- Exercise requirements: Retyped exactly and without pictures, the lines from the one with "gymshark vital seamless" through the end of the listing must form the entire answer.

- Source data:
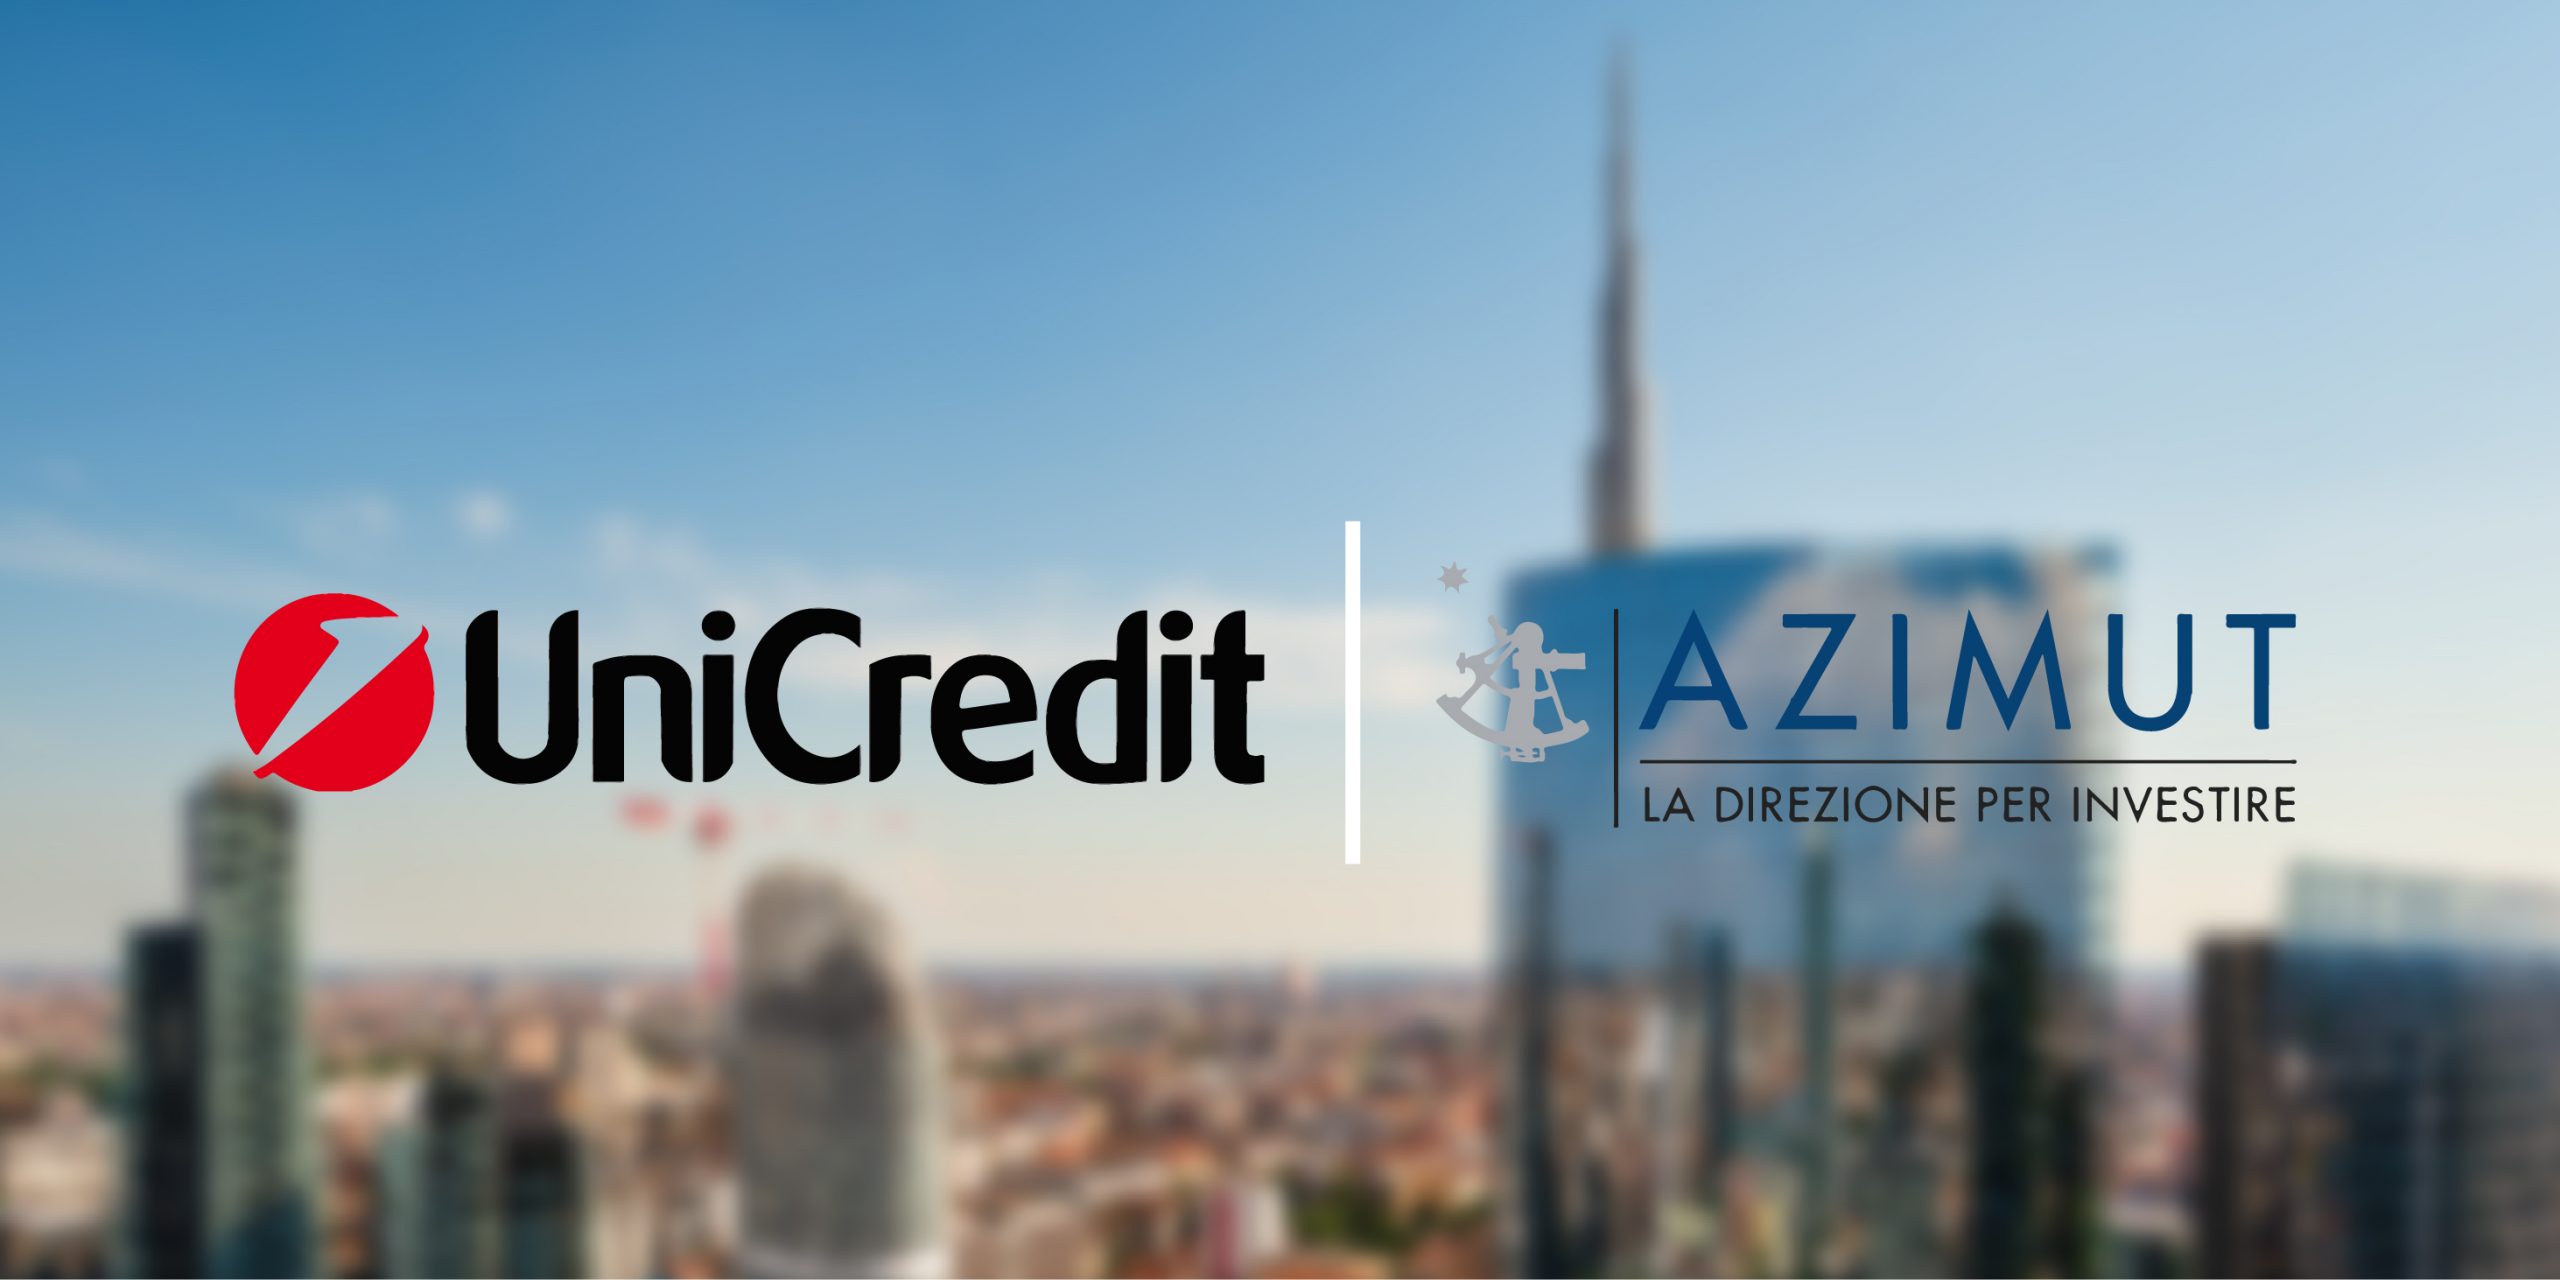 financialounge -  Azimut finanza Unicredit
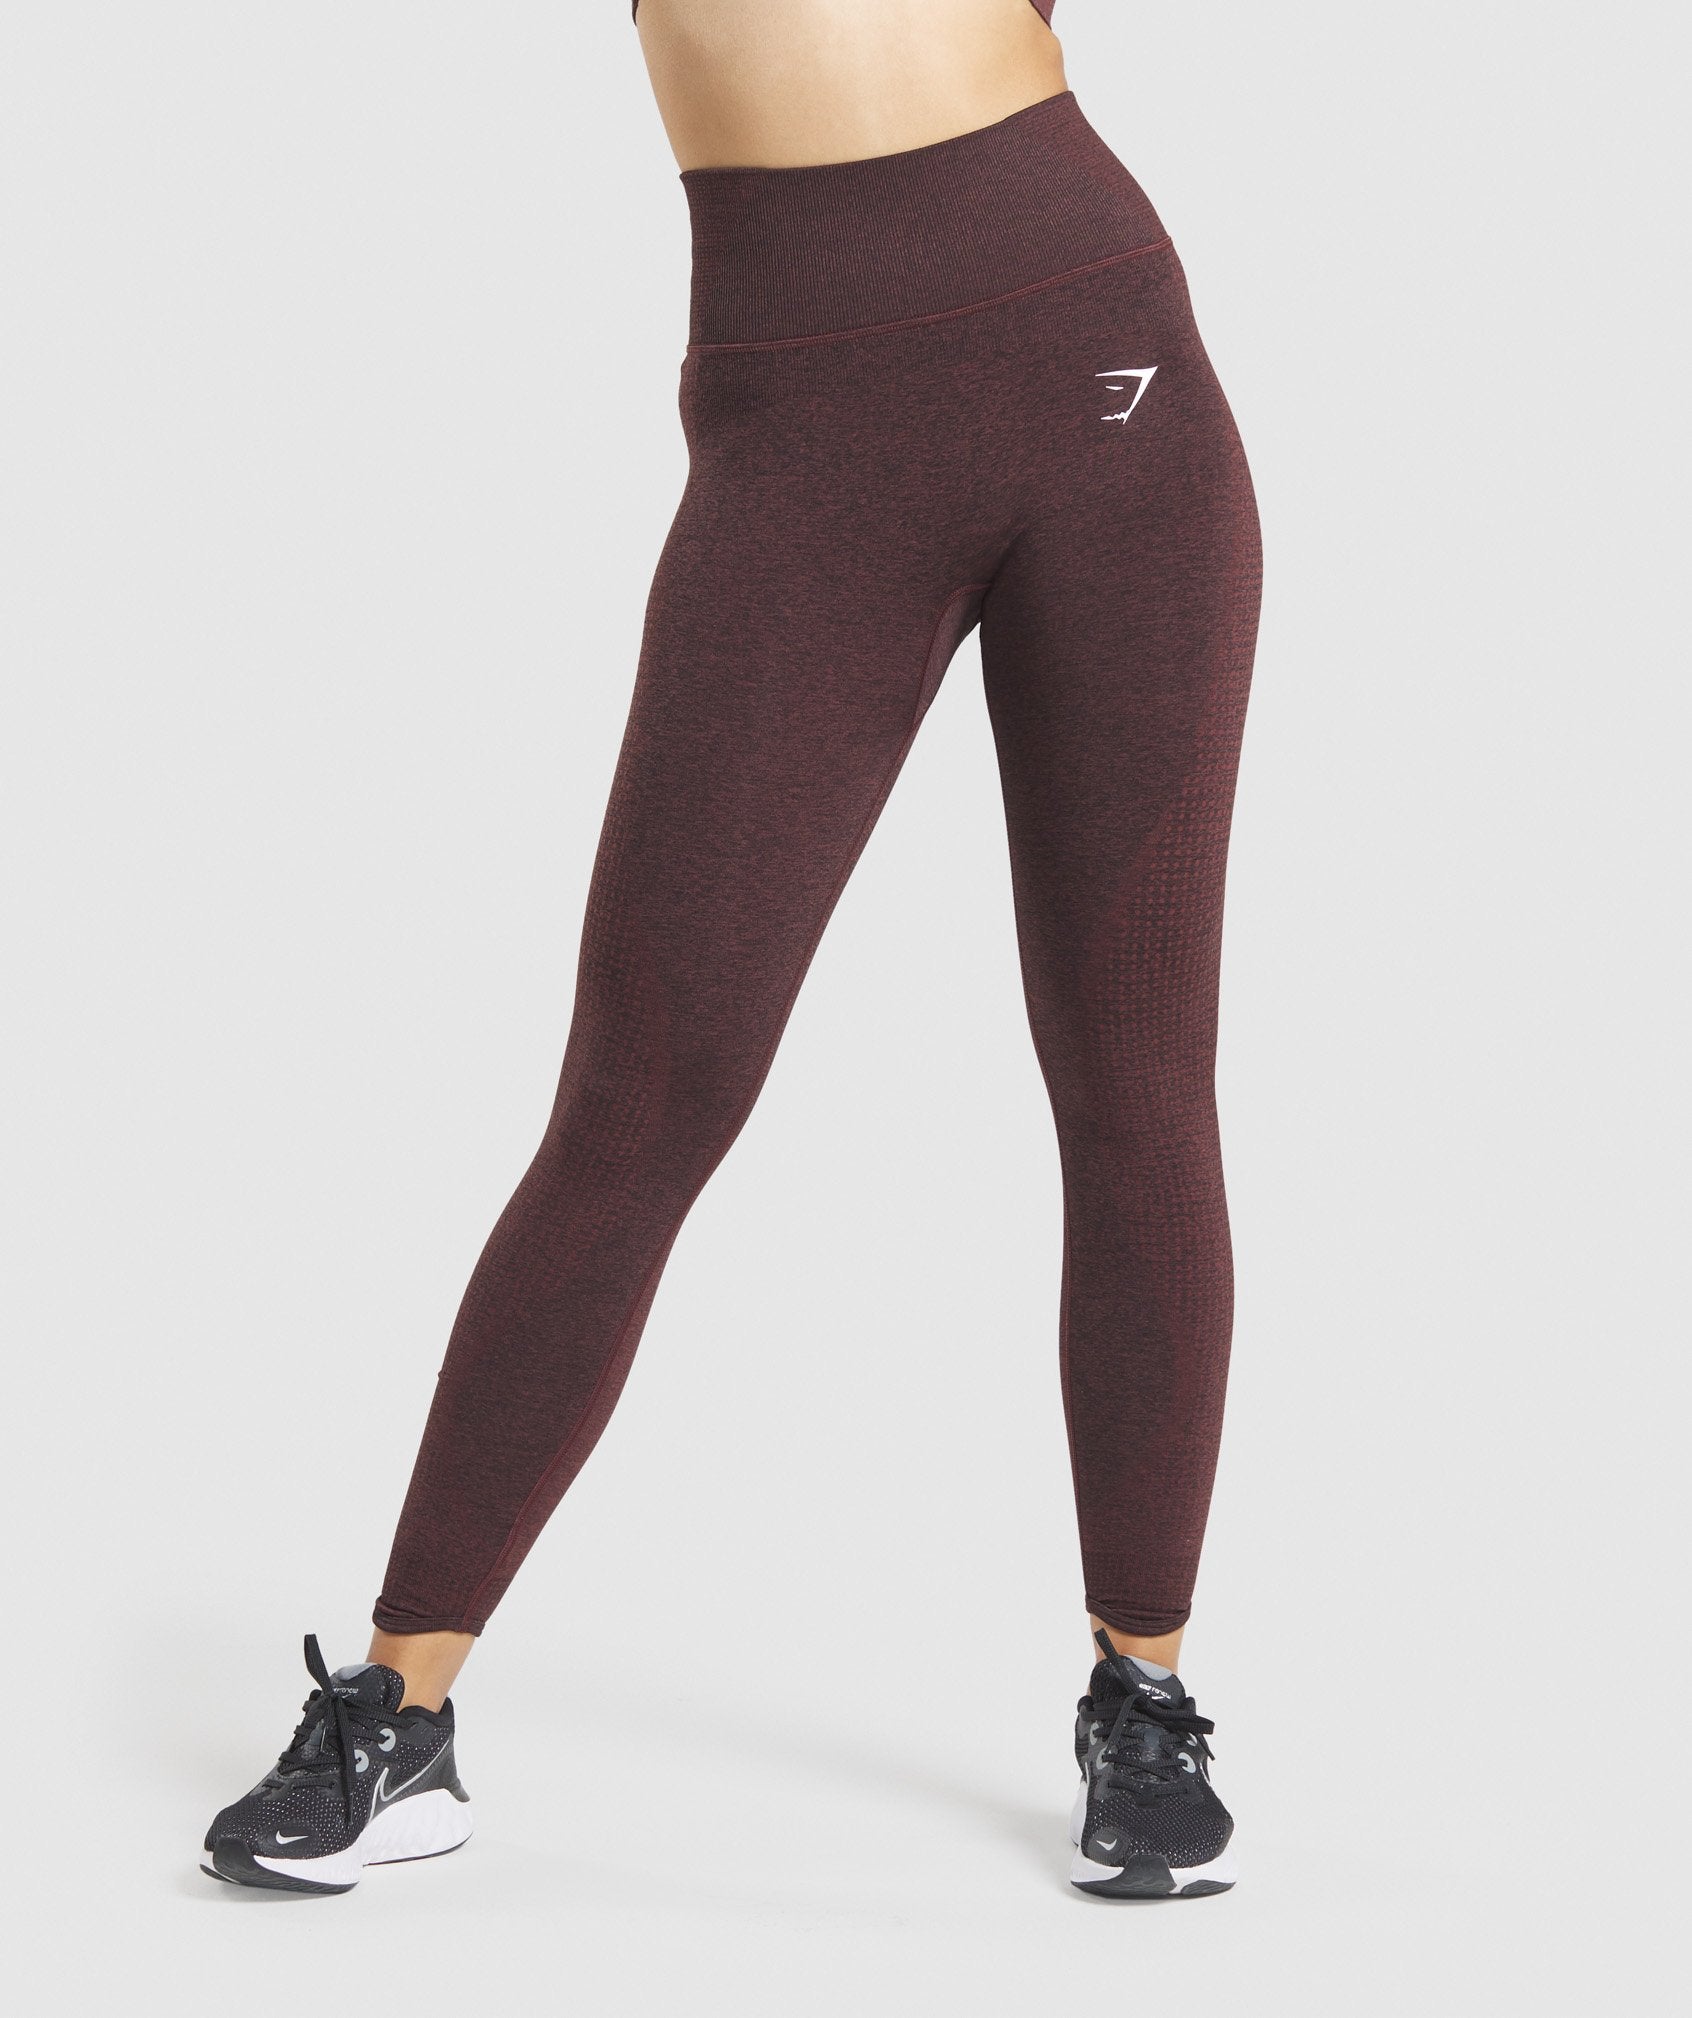 gymshark vital seamless 2.0 leggings in cherry brown - Depop
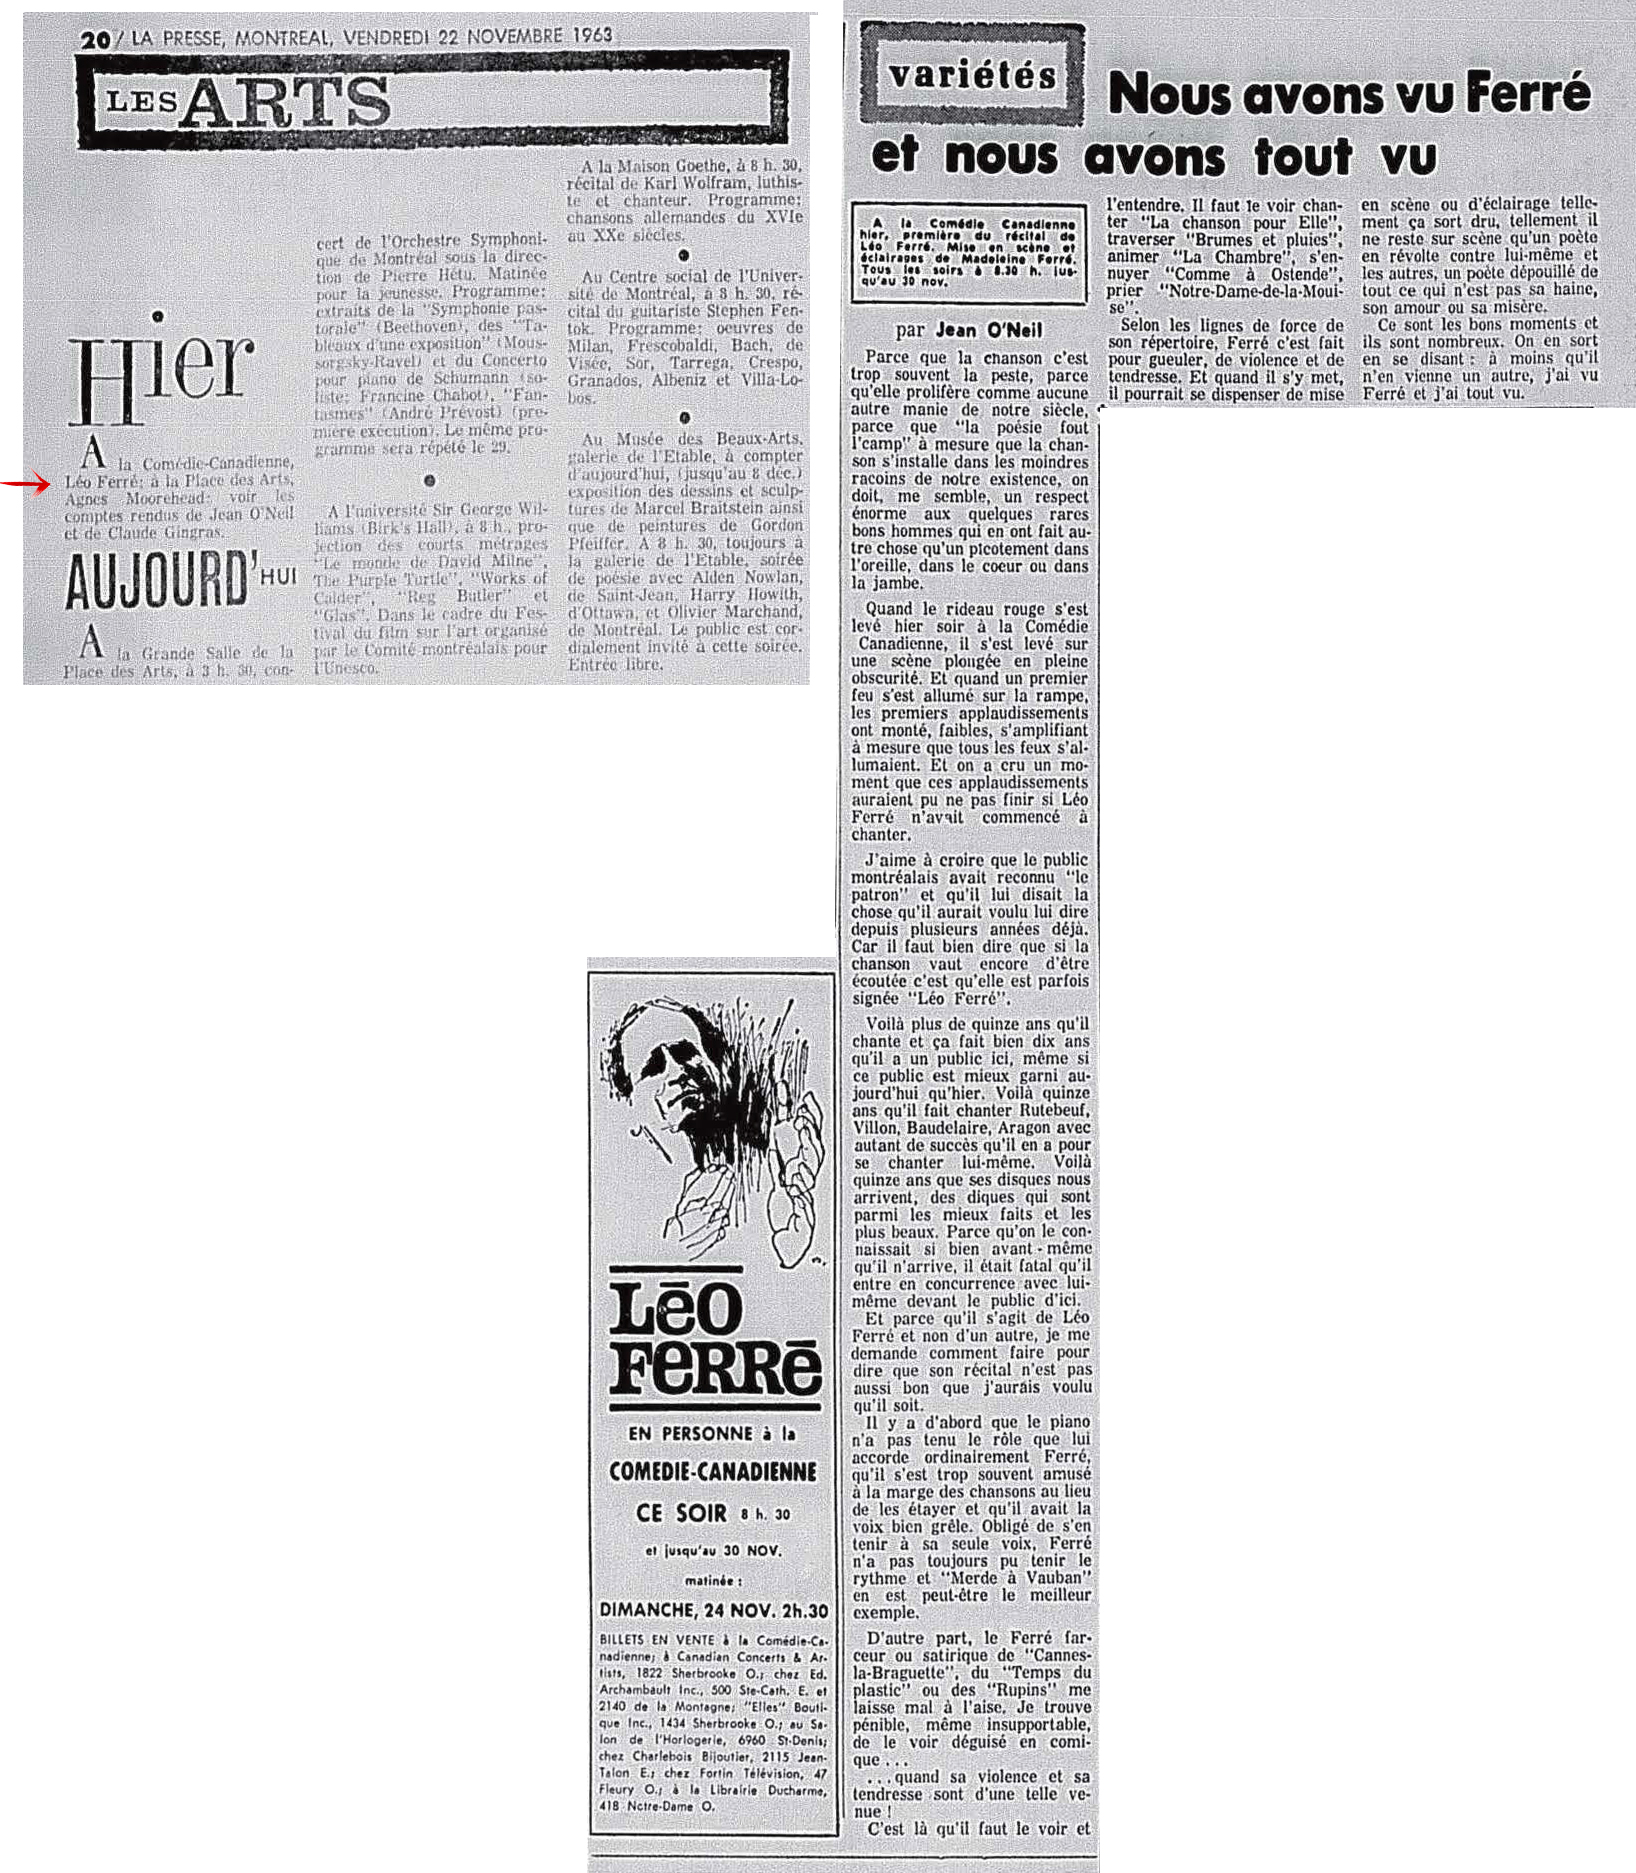 Léo Ferré - La presse, 1884- (Montréal), vendredi 22 novembre 1963

- Task solution:
 gymshark vital seamless 2.0 leggings in cherry brown - Depop
 Léo Ferré - La presse, 1884- (Montréal), vendredi 22 novembre 1963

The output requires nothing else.